As the Google AI team says that this is a state-of-the-art NLP model and has shown results in various fields of NLP, according to the research paper this model has shown impressive accuracy on 11 natural language processing tasks. Training using BERT is so easy that anyone can train their own question-answering system in just a few hours on a single GPU. The pre-trained data is trained over millions of websites and thus can be fine-tuned over the smaller training data used for sentiment analysis or Q/A system.


The earlier model was released by Google AI like semi-supervised sequence learning, GPT and ULMfit were unidirectional whereas BERT is bidirectional, So if the bidirectional model provides such groundbreaking results, why they weren't using it on earlier version? The reason might be because, in unidirectionality, they were predicting the next token on the basis of the previous one, but this isn't the case with BERT as it is performing various tasks of natural language processing.


The main advancement BERT model has made is using bidirectional training over transformer as earlier unidirectional training were used, the paper of BERT which was released had two models with different number of parameters used, these two were:-


  1. BERT Base -> The base version of BERT has the same number of parameters as in OpenAI’s generative pre-trained transformer.

  1. BERT Large -> This model is trained over millions of parameters and training this version on normal single GPU would take months, it has better accuracy as compared to BERT Base for obviously because of so many parameters involved with it.


How BERT works?


The main part of Google BERT is its Pre-training and bidirectional transformer, we will begin with the tasks involved in Pre-training and then on the transformer’s working. So let's start with pre-training :


Pre-Training mainly involves two tasks that are masking of tokens and NSP(Next Sentence Prediction), let us discuss both the tasks



  1. Masking of Tokens -> The input word sequence are fed, out of which about 15% of the words are removed and replaced with [MASK], these [MASK] is then shot to transformer encoder in addition with classification layer that helps in identifying and replacing these [MASK] with relevant words that are in context with the word sequence. The output is generated with the help of ‘softmax’ activation function which gives the probability of each and every word in the word sequence.


Image shows the Masking of tokens in Google BERT.

Masking of Tokens


  1. Next Sentence Prediction(NSP) -> The next step of working involves prediction of the next sentence, for input we take two tokens which are [CLS] and [SEP], both of them are used in specific moments, like [CLS] is used at the head or the starting of the word sequence whereas [SEP] is used as a token at the end of the sentence. After locating these two tokens at their specific positions, there are two more steps to complete the next sentence prediction tasks, let’s see these two steps:-


  • Sentence Embedding -> In a word sequence, or a text document contains a lot of sentences, in this particular step we tend to tokenize sentences to differentiate between them. For example, if there are two sentences in a text then sentence embedding would be distinguishing between them as Sentence A and Sentence B.

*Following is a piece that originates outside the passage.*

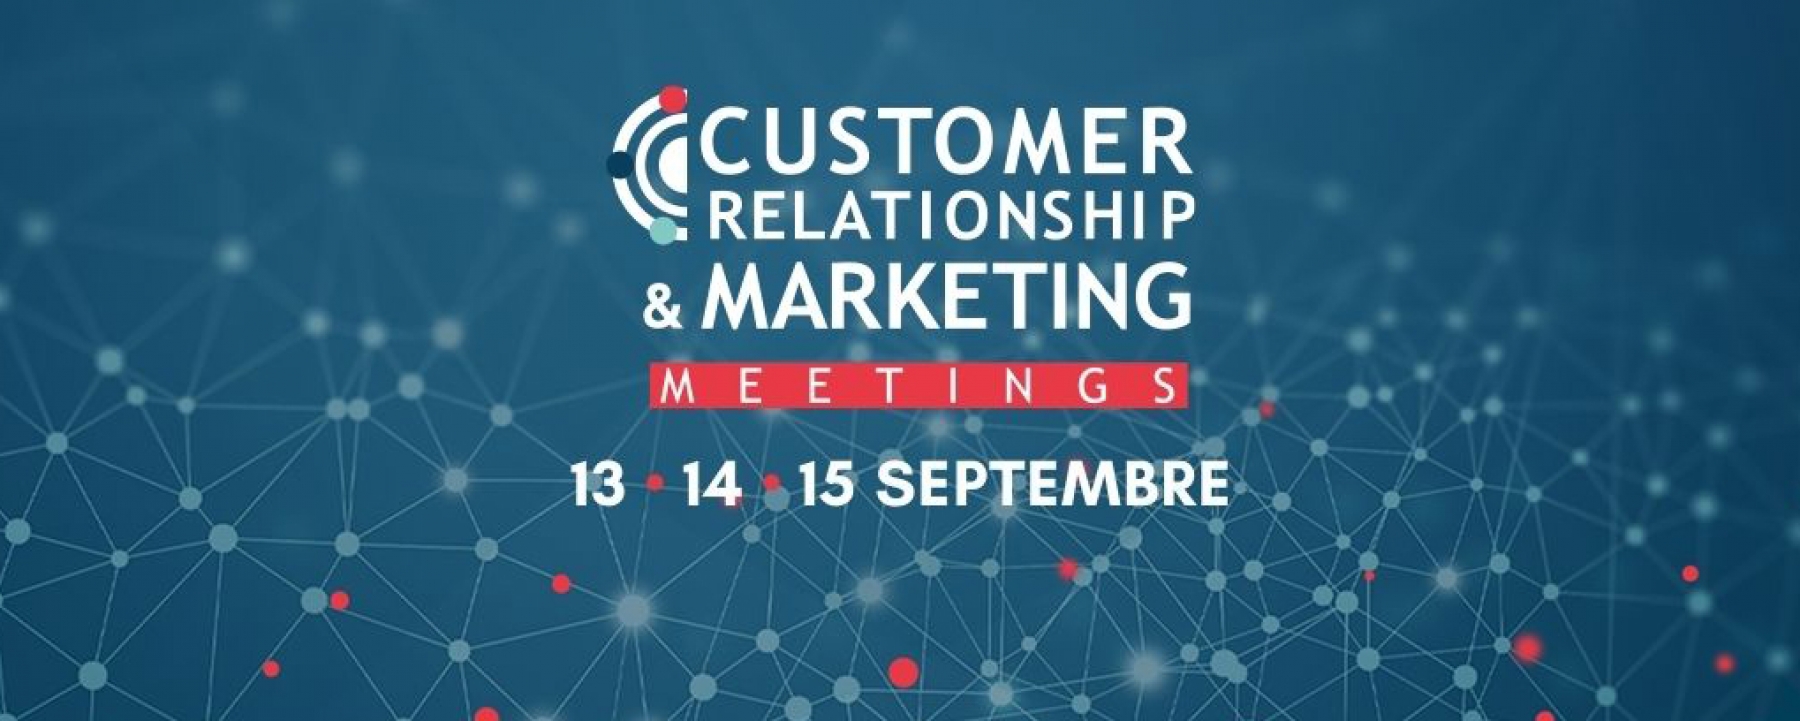 Customer Relationship & Marketing Meetings, du 13 au 15 septembre 2021

  • Positional Embedding -> In the previous step, we tokenized sentences whereas the task for positional embedding is to provide a serial number for each word used in a text document.


This image is showing Next Sentence Prediction using Google BERT.

 Next Sentence Prediction


In order to make a prediction for the next sentence, we use the Transformer architecture which transforms this output, further, the outputs from tokens are fed to the classification layer and the next sentence is predicted using the probability of each word with the help of softmax function.


Consider this Statement -:


Kim II-Sung[MASK1], the founder of North Korea, was born the day the Titanic  [MASK2] sank.


In the above statement, Two words are tokenized which are holding some important information, now the whole point of Bidirectional masking is to predict in a more accurate way, like in this case both the directions are used rather than the conventional model that used either left to right approach or right to left approach. Due to its bidirectionality, it does lack in reaction time but holds good in terms of accuracy.


Applications of BERT    


There are a lot of natural languages processing tasks which can be done with the help of this model as all you need to feed the small data model to this core model in order to perform many tasks of NLP, some of the primary applications are elaborated below:-


  1. Sentiment Analysis using BERT ->  sentiment analysis in which we tend to search out the context of a sentence and classifies them as a positive, negative or neutral statement, all we need to feed is the data as input to the BERT core model which will eventually be fed into the transformer, this transformer will give output for the head token also known as [CLS] token which with the help of classification layer does the sentiment analysis task.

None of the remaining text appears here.